The numbers-needed-to-treat (NNT) analysis suggest that there are good clinical grounds for the use of PDT with verteporfin to delay visual loss in patients with occult (without classic) and predominantly classic subfoveal CNV secondary to AMD, as well as patients with pathologic myopia.

A re-analysis of clinical data presented by Professor Bressler at the International Congress of Ophthalmology in Sydney, Australia, April 2002, showed that early detection and treatment of small lesions could halve the rate of progression of visual acuity loss, regardless of lesion type.

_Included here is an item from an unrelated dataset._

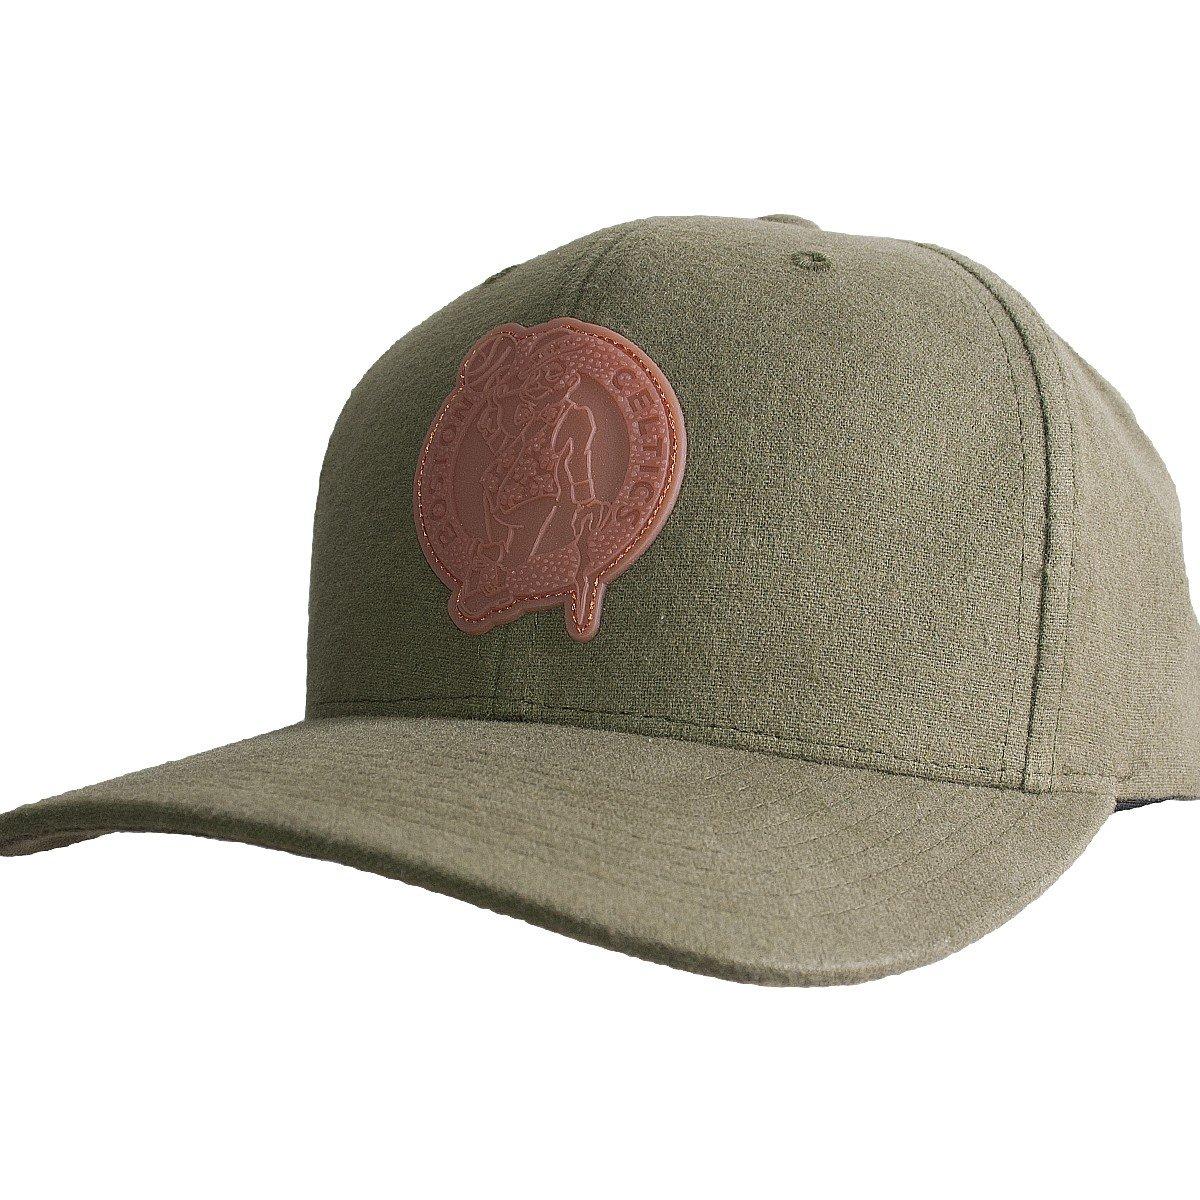 Boné Mitchell   Ness Boston Celtics - Compre Agora  1f59399aaec
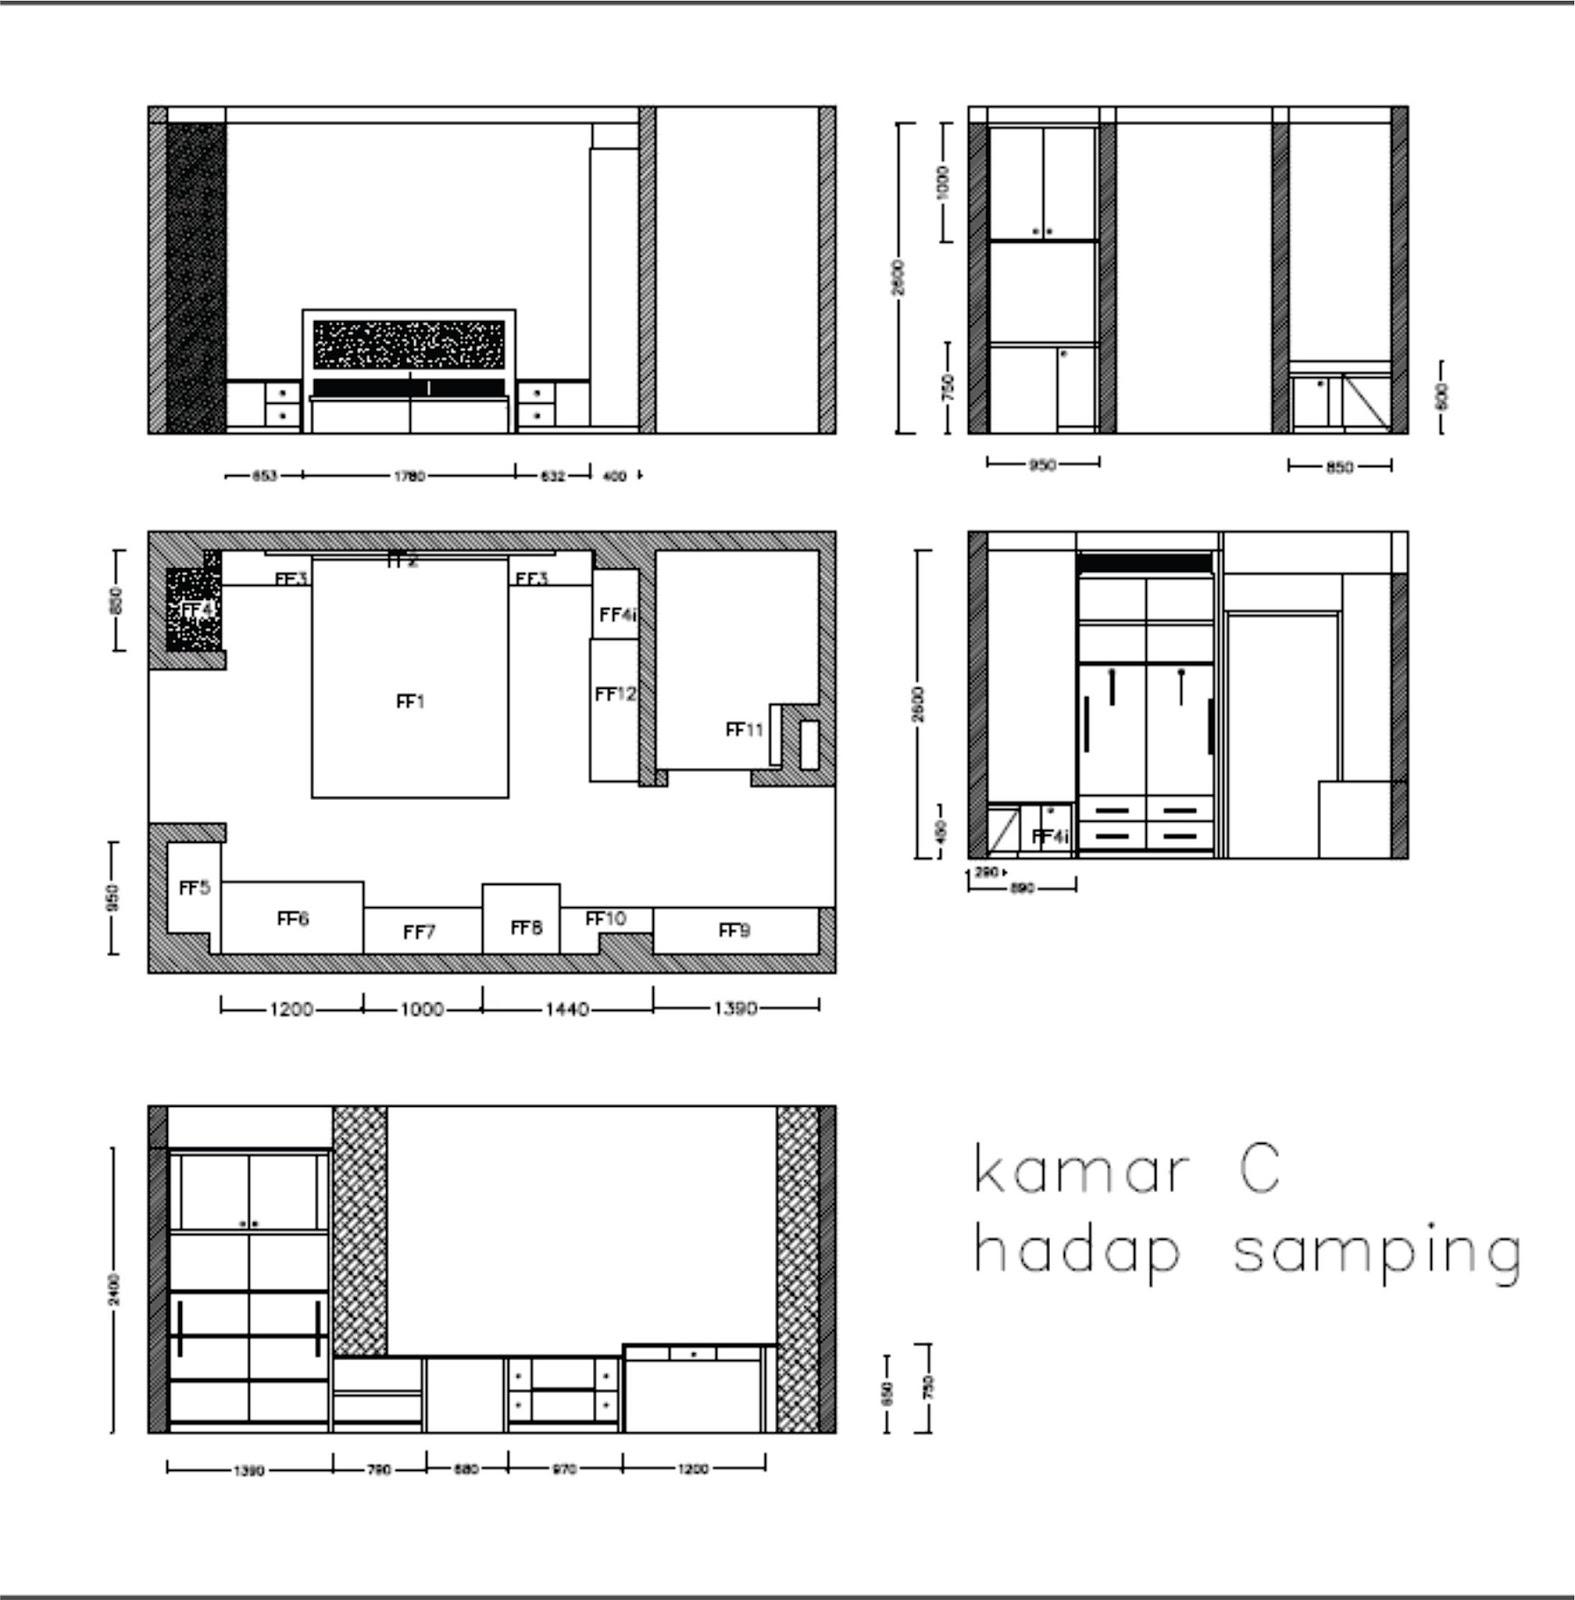 desain interior kamar kos jakarta kamar c hadap samping

The difference was most marked in pure occult lesions treated with verteporfin PDT, in which the mean visual loss was nearly four times less than that in the largest lesions. In contrast, and equally importantly, patients who had large occult lesions but good vision lost more lines with PDT than with sham treatment.

This means that the success of treatment can be undermined by slow referral. According to Dr Stur, "We get referrals mainly from general ophthalmologists. This is simply caused by the fact that cataract surgeons refer patients back after surgery to the general ophthalmologist.

"In my opinion, the major problem today is that screening is ineffective, and many patients are referred too late. Thus, the number of PDT-eligible patients is much lower than would be expected. Many general ophthalmologists have three-month waiting lists. Since many AMD patients are not aware of the urgent need for treatment, they wait until seen by the general ophthalmologist, who then finds a disciform scar and does not even refer to a retina specialist."